# New here



## Orebrocat (May 26, 2006)

Hi everyone!

I'm a 27 year old woman, living in Örebro, Sweden. I also heard about this forum via a Swedish cat forum that I constantly visit  This is a great chance for me to practice my English plus I just love cats and can't get to much of them 

I have three cats (Sune, Skorpan and Conradh aka Kotten) whom I've adopted from a cat shelter. They started out as foster cats though since they were homeless but I knew they had to stay in my life forever. I've had other foster cats but these three are the ones for me :luv I know other people think they all look somewhat alike but I don't, well, decide for yourselves  (of course I know they look simular but they're all so different from each other when you look at details and personality)

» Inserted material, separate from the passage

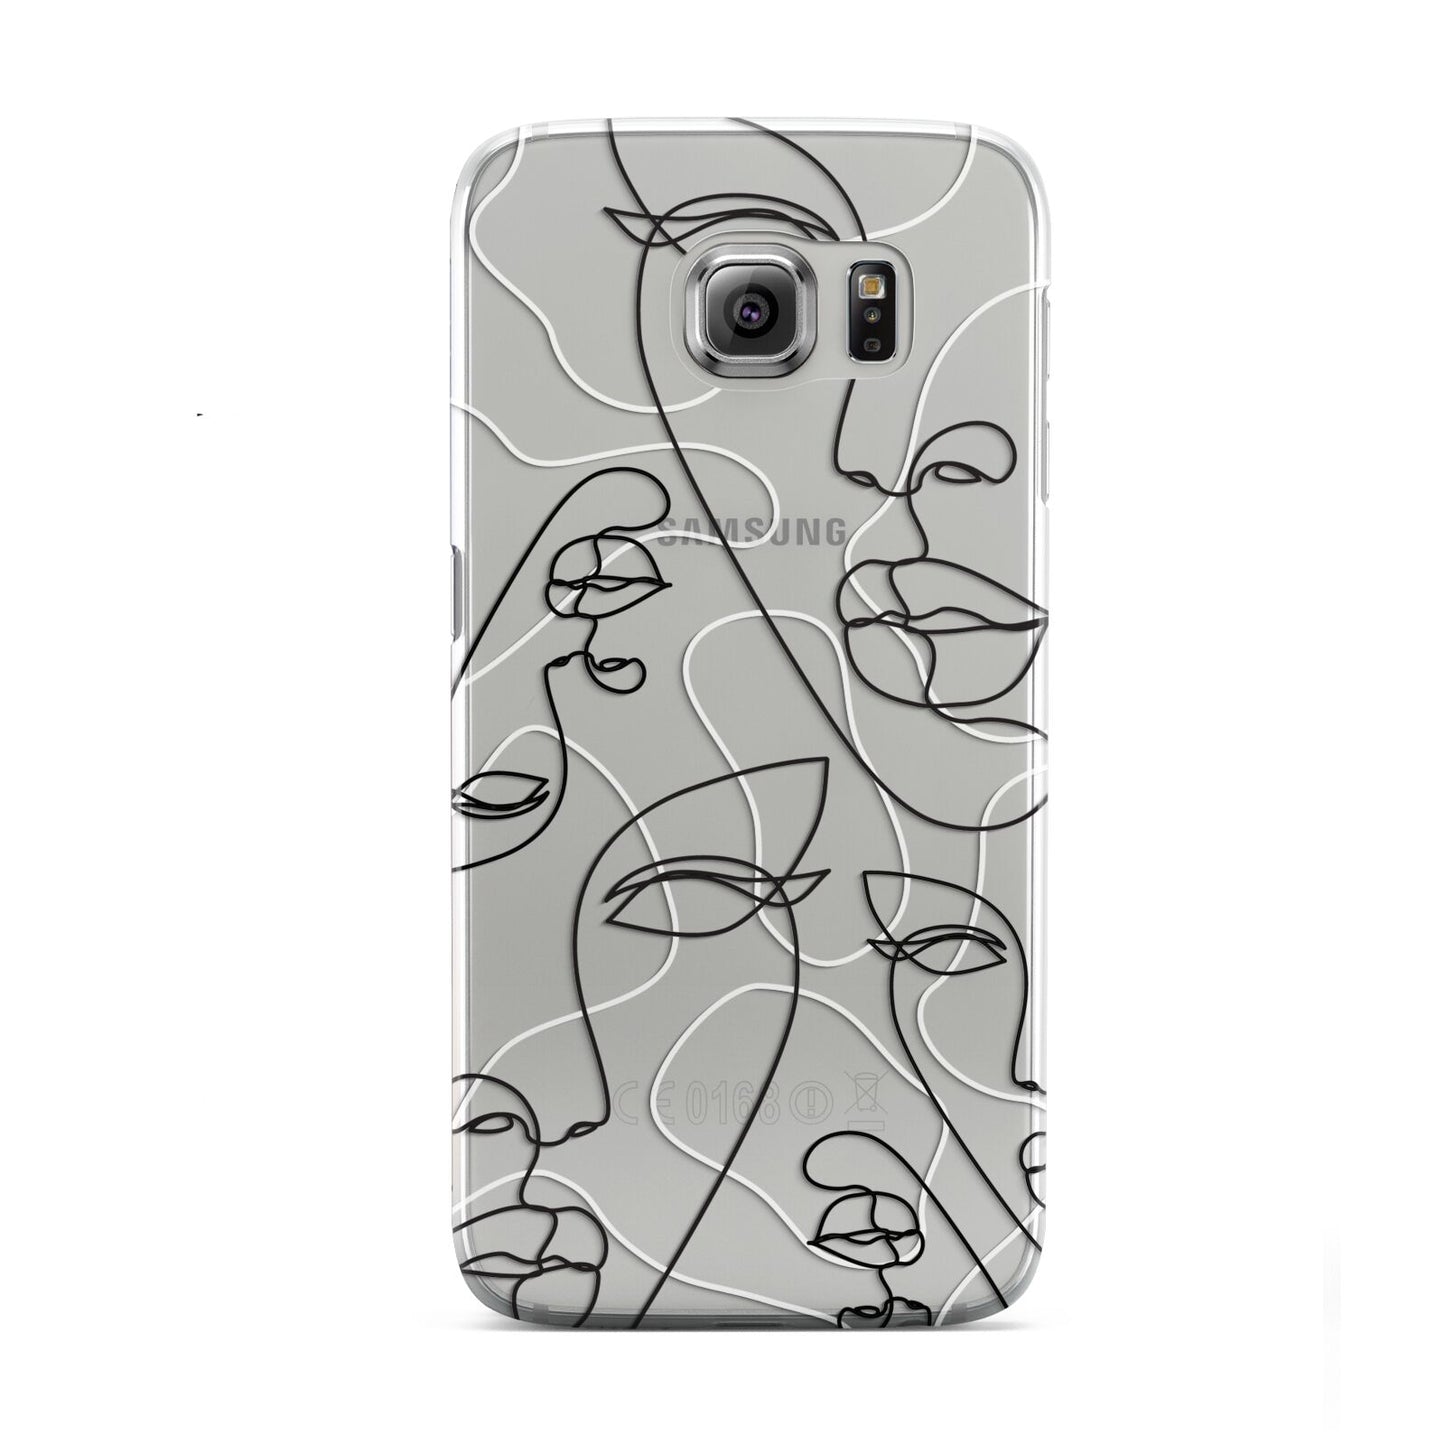 Abstract Face Samsung Galaxy S6 Case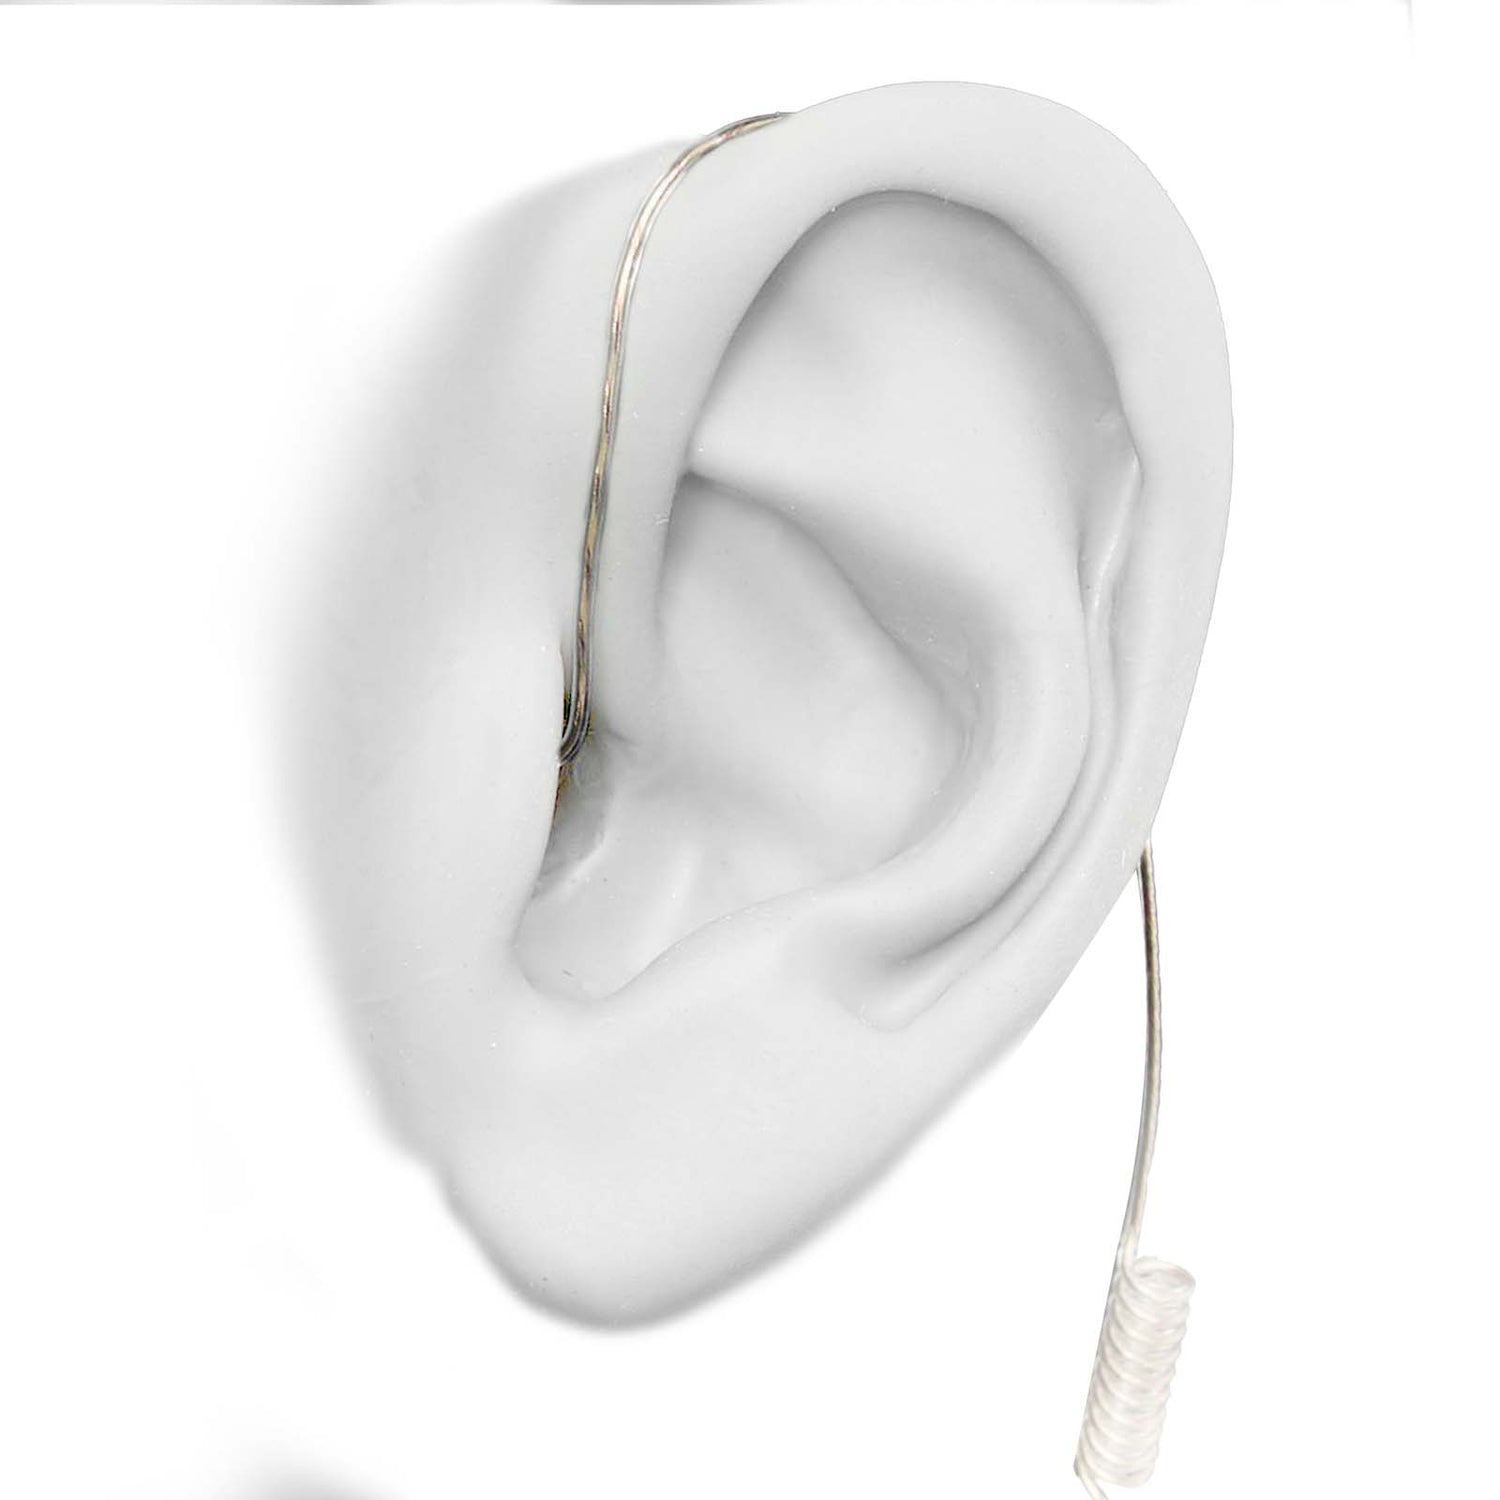 N-ear: 360 Flexo Dynamic™ Snaplock Earpiece

I have som extra pictures of them in the "Meet my Kitty"-section for anyone who's interested


----------



## Söderkissarna (May 25, 2006)

Hi Ally!

Wonderful picture :luv


----------



## Lisa 216 (Oct 25, 2004)

Welcome!! What a sweet photo of your cats  Glad you decided to join us!


----------



## kitkat (Sep 22, 2003)

That's a pretty neat picture of all the cats. Welcome


----------



## estelle58 (Feb 28, 2006)

Welcome to our family Ally...


----------



## Nova (May 26, 2006)

Hello Ally! Regards from Norway!


----------



## Orebrocat (May 26, 2006)

Thanks everyone!


----------



## Söderkissarna (May 25, 2006)

Oh, no what have I done?! 8O 

I just called her "Ally" as a nickname (from another forum). I am sure that her real name is something else!!

My mistake .


----------



## 1DeadlySAMURAI (May 26, 2006)

Söderkissarna, you're so sweet. LMAO


----------



## Orebrocat (May 26, 2006)

:lol: My name is Anna but sure, I like Ally better so it suits me fine hihi :wink:


----------



## Lori (Jun 8, 2003)

Welcome! Your cats are adorable.


----------



## DesnBaby (Apr 18, 2004)

Welcome, your cats are sweet!


----------